There is an auction of VCS happening in Brazil shortly and I will be watching with interest.
Of concern is the Nupan credits are somewhat tainted by the negative press surrounding Roberts himself- the bad press has highlighted the project but also realised concerns over the long term security of the project, i.e will the forest be logged anyway, who owns it etc.
TO get the VCS accreditation then they must be able to satisfy the requirements of the VCS standards and all the forestry standards, including the VCS standards require fundamentals such as security of ownership, additionality, permanence to be demonstrated through supply of independently verified documentation.
There is a bottle neck on the accreditation of VCS AFOLU (including REDD) as the only verifier available is TUV SUD and they are snowed under, others are coming on line and this should release a number of VCS projects, more credits on the registry.
If the project can not be satisfied to the standards of the VCS then it will not be granted as if any of these requirements are not met then the value of the VCS brand will diminished. It is int he interest of all carbon project developers to operate and demand the highest level of security and IMO that must include the sovereign government of the host country. This becomes problematic in long term projects that rely on the maintenance of living biomass, particularly in countries with volatile political systems.
From a simple observers point of view ( and I do not know a great deal about this particular project)I see that the PNG government constantly references the lack of national legislation to enact such projects , this may or not be necessary to get VCS accreditation.

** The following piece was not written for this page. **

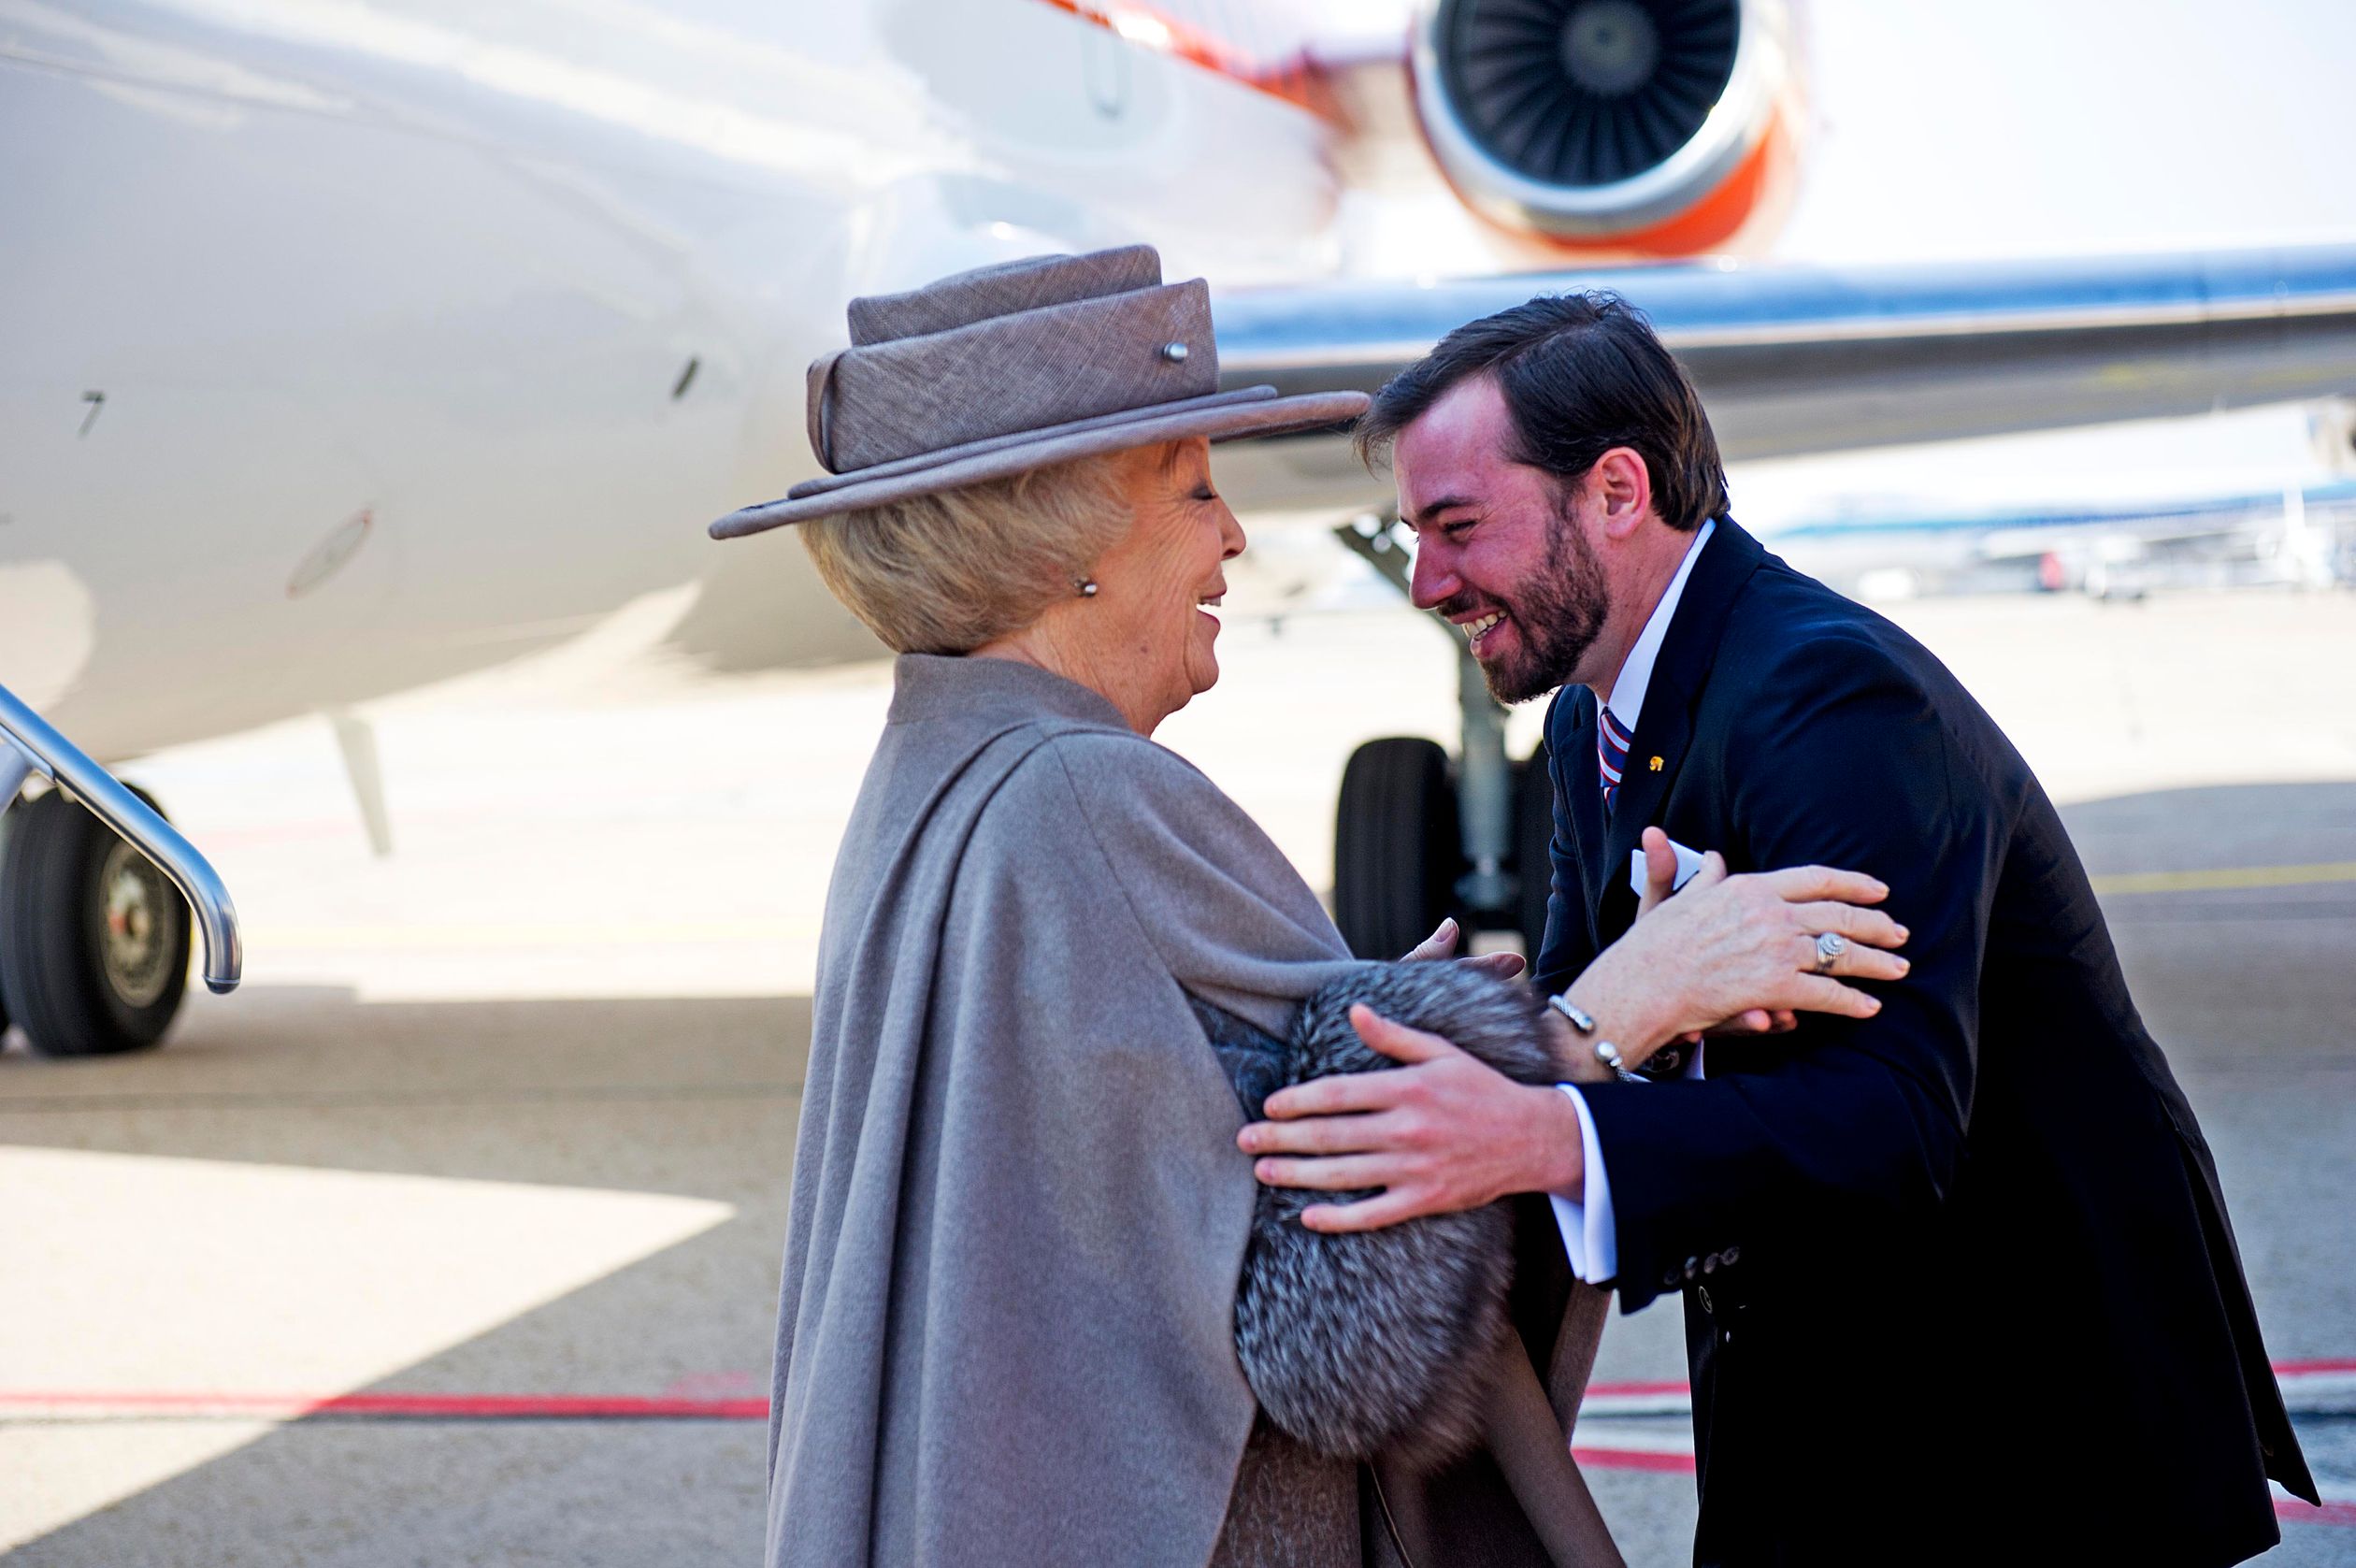 Koningin Beatrix brengt in maart 2012 een driedaags staatsbezoek aan Luxemburg en wordt hartelijk

Then there is the investigation into the office of climate change and the assassination attempt on the ombudsmen looking into the matter, the apparent loss of key documents, salacious scandal in the press, the back out of the CP merger. And my recollection was that the first sales were to be in the first quarter, where are we now?
In my experience in other carbon projects I have seen that things take a lot longer than expected, you are usually sailing in uncharted waters and working it out with governments and landholders as you go. It is is hard enough here without bringing in legislative and cultural differences.
So my question is . IS the delay due to the verification prices bottleneck or is it that the project has not yet secured the necessary fundamentals to proceed?
The mandatory market is policy driven and the voluntary market is driven by the public opinion, policy is public driven and science driven. The public is wavering and the science is under a cloud ( ill deserved IMO)result - buyers market.
It would be great to see vast areas of PNG preserved and the locals to benefit greatly in the process,but it is forestry, this is long term stuff. Some times it is better to slow down to go faster.